START Given data
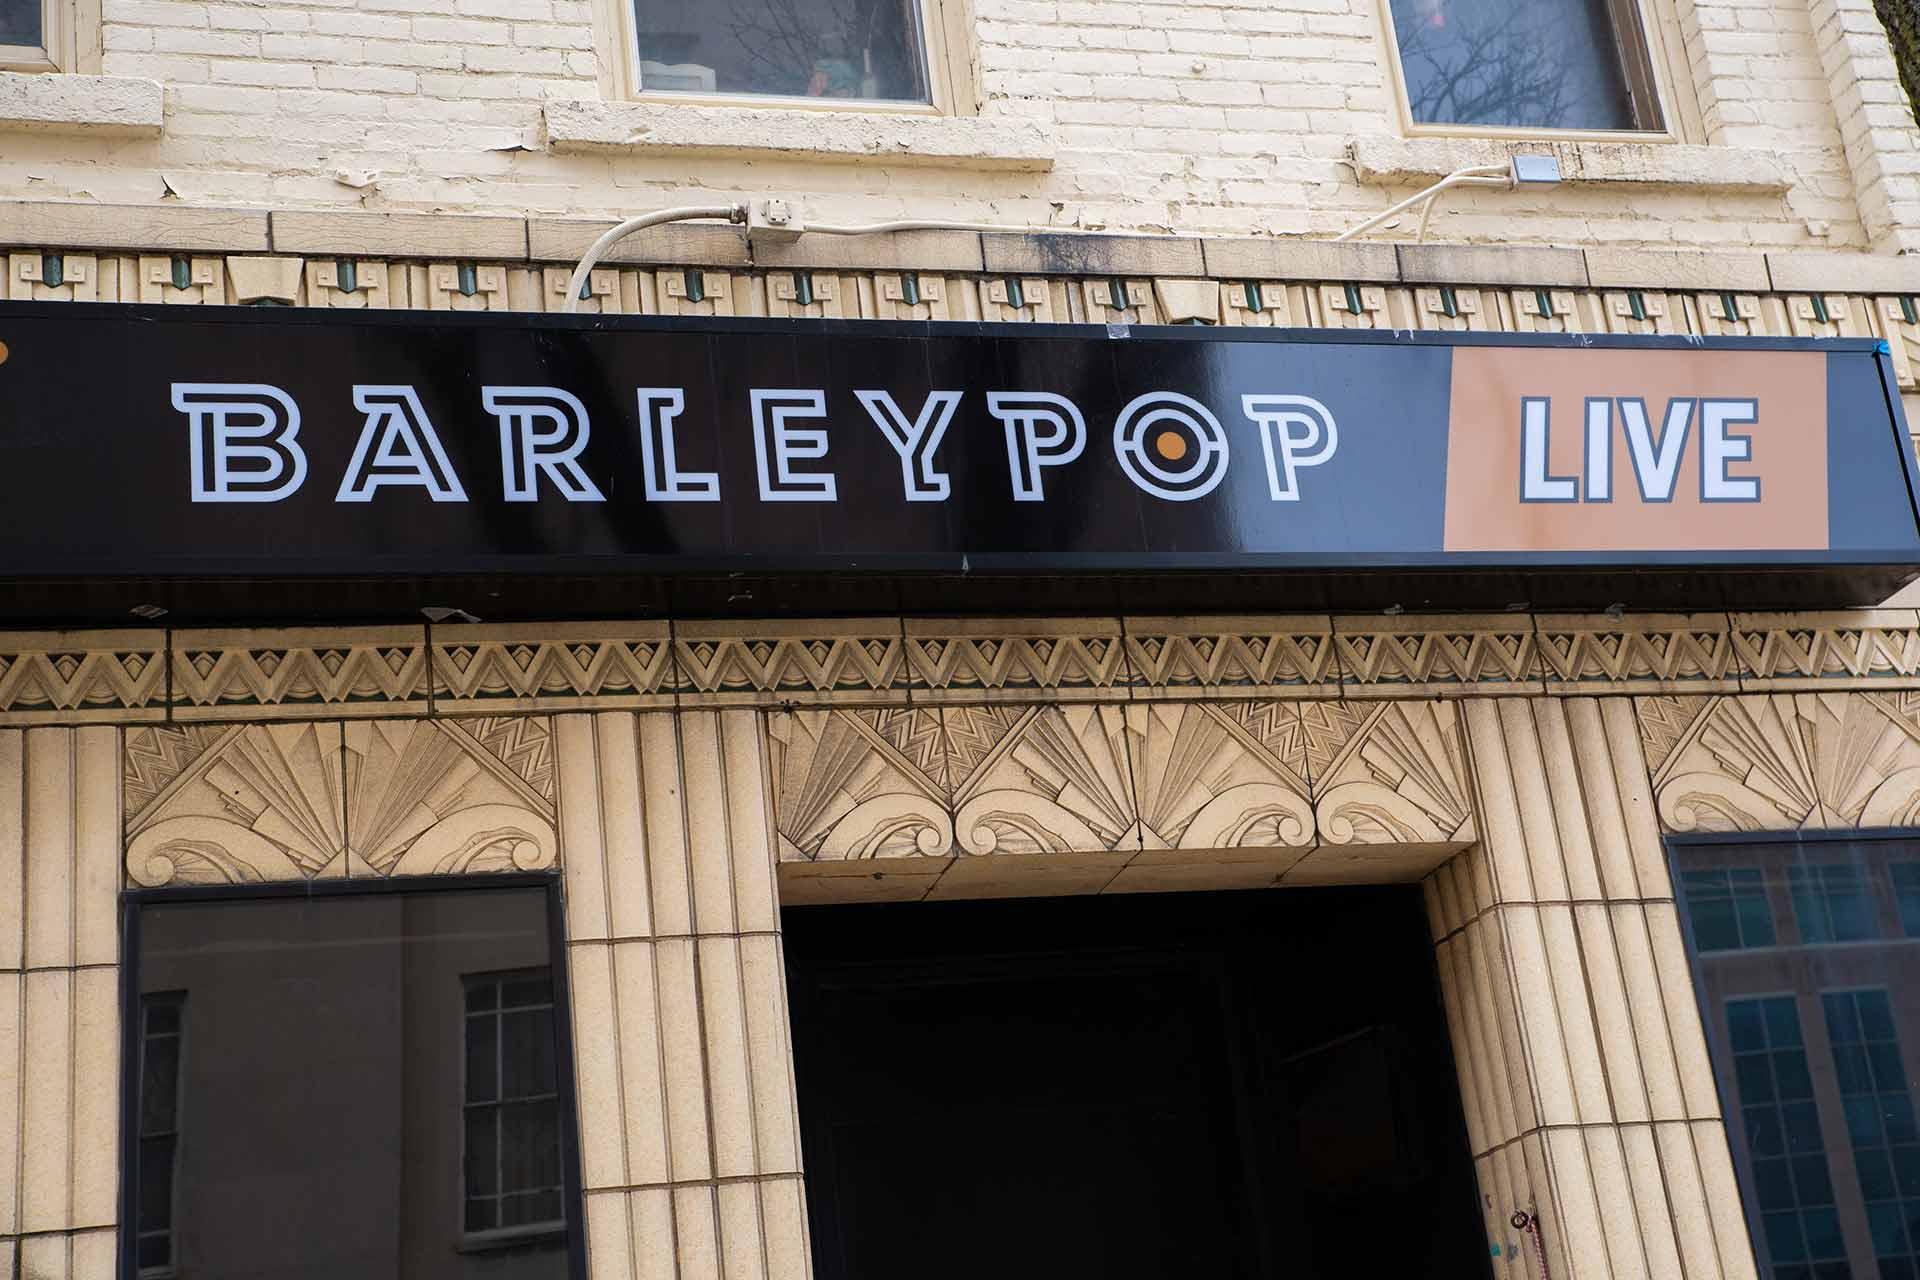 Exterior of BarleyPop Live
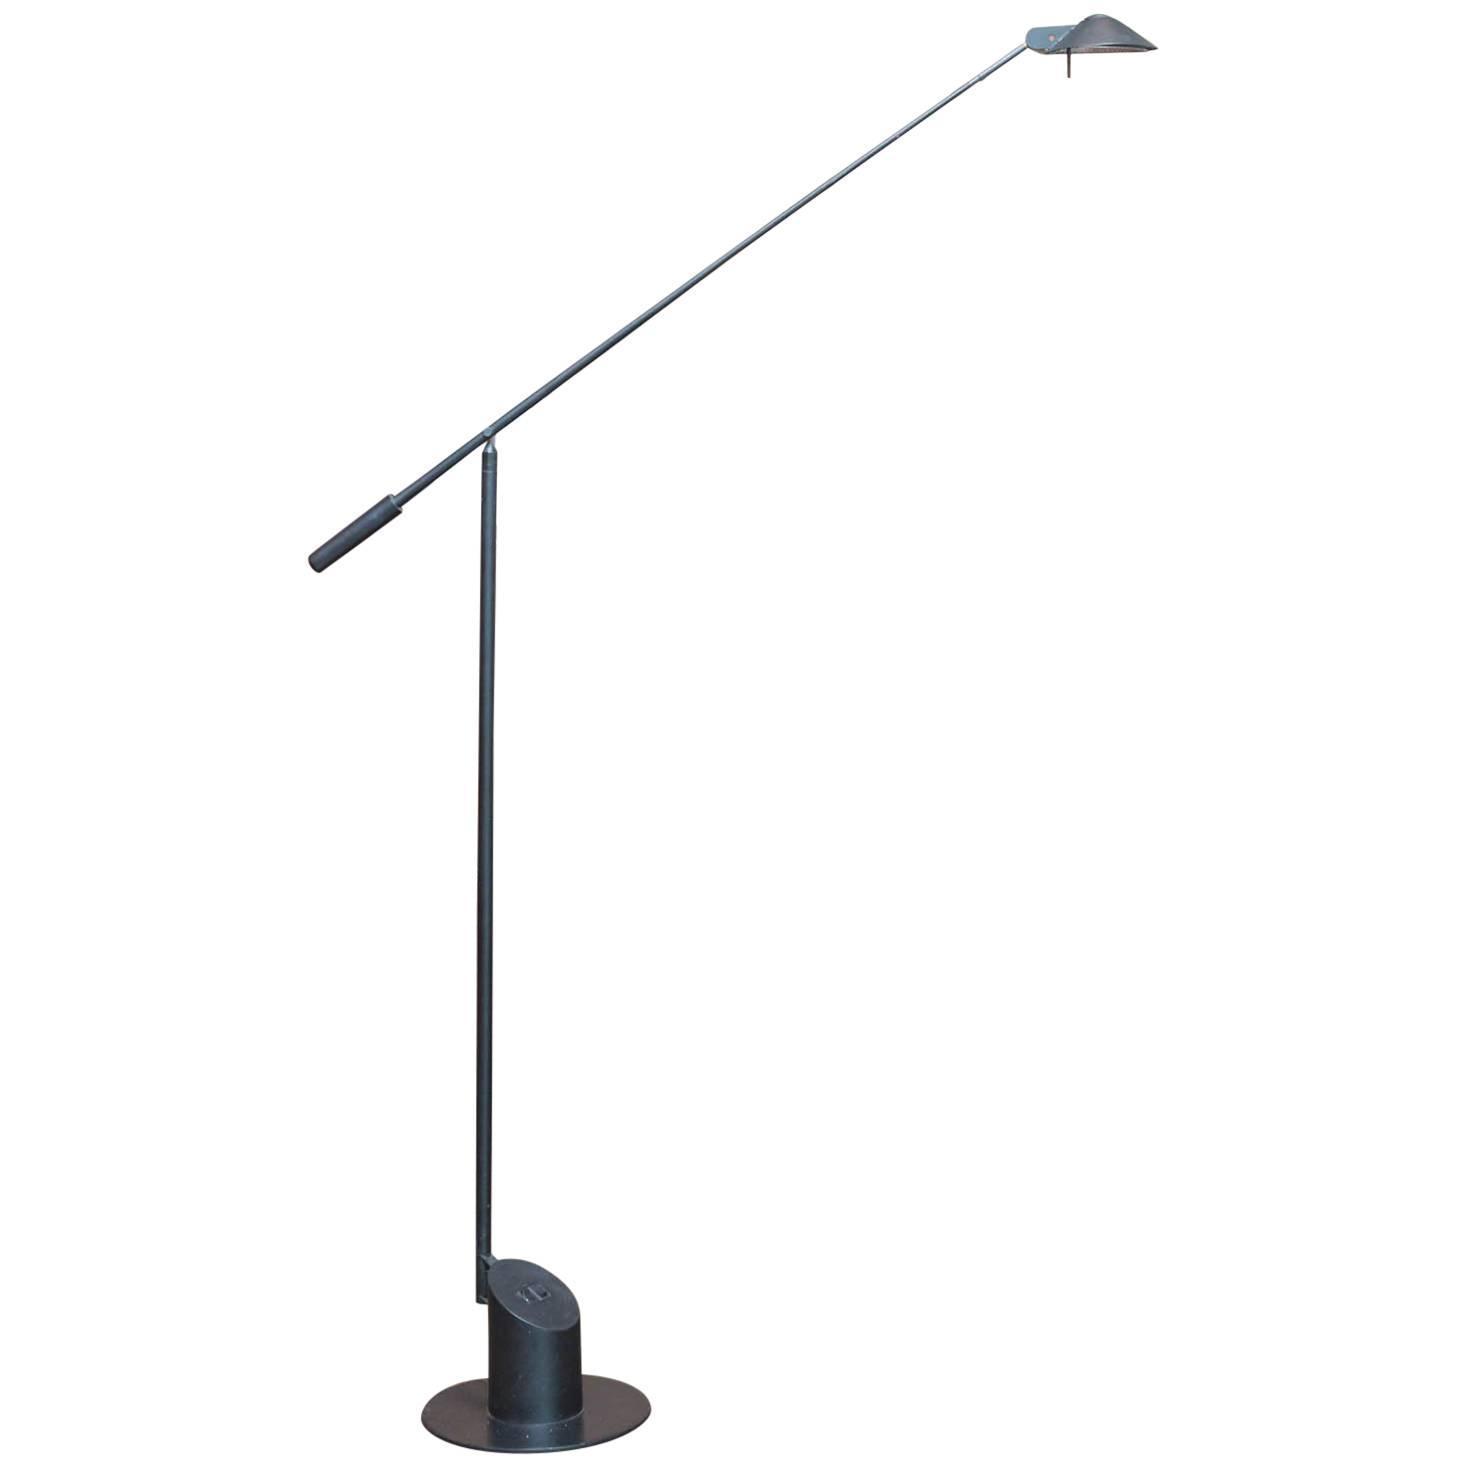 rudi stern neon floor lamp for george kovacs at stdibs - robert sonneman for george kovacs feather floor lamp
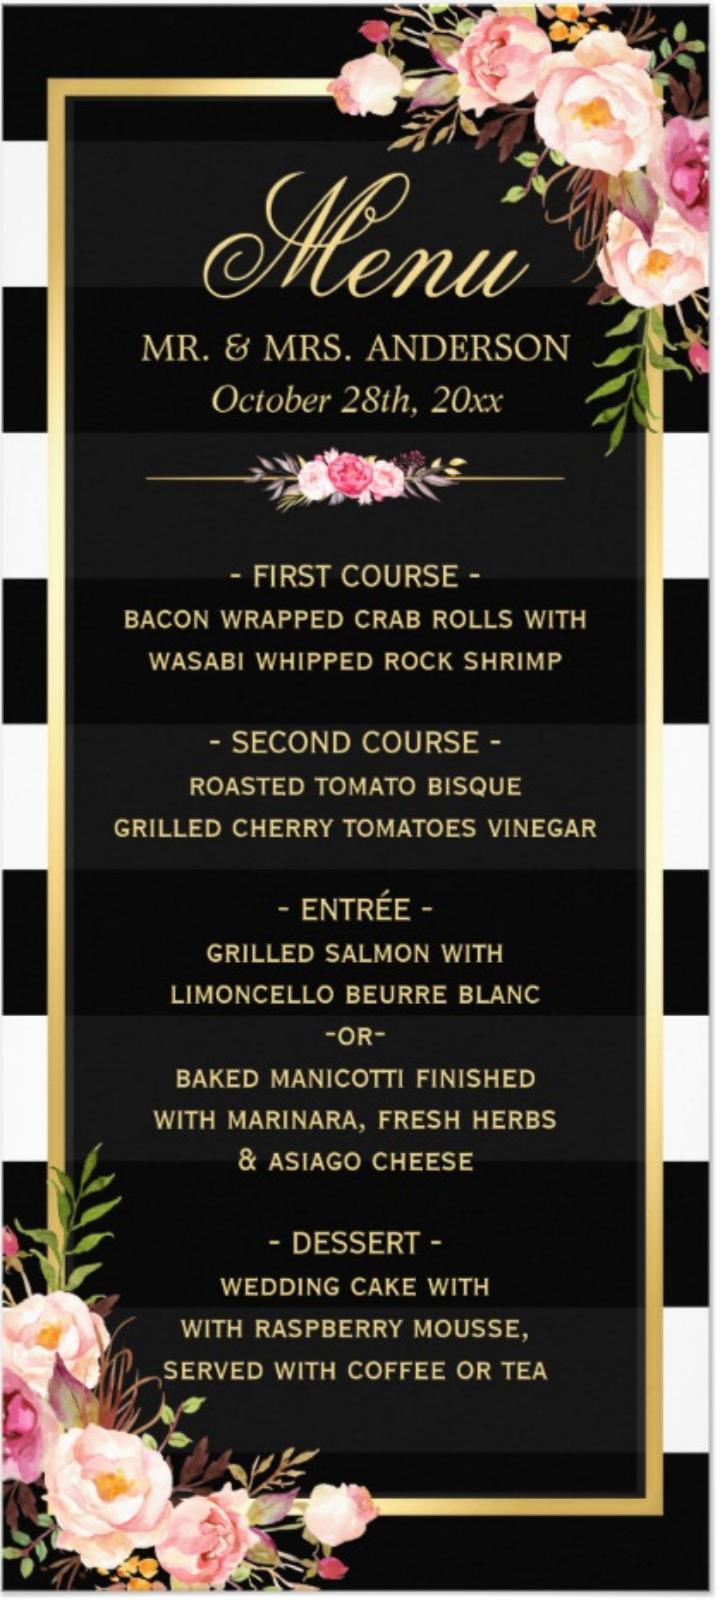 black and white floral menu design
END Given data
To do :: Reproduce the lines above letter for letter. The pictures stay behind.

Task solution ::
 Exterior of BarleyPop Live
 rudi stern neon floor lamp for george kovacs at stdibs - robert sonneman for george kovacs feather floor lamp
 black and white floral menu design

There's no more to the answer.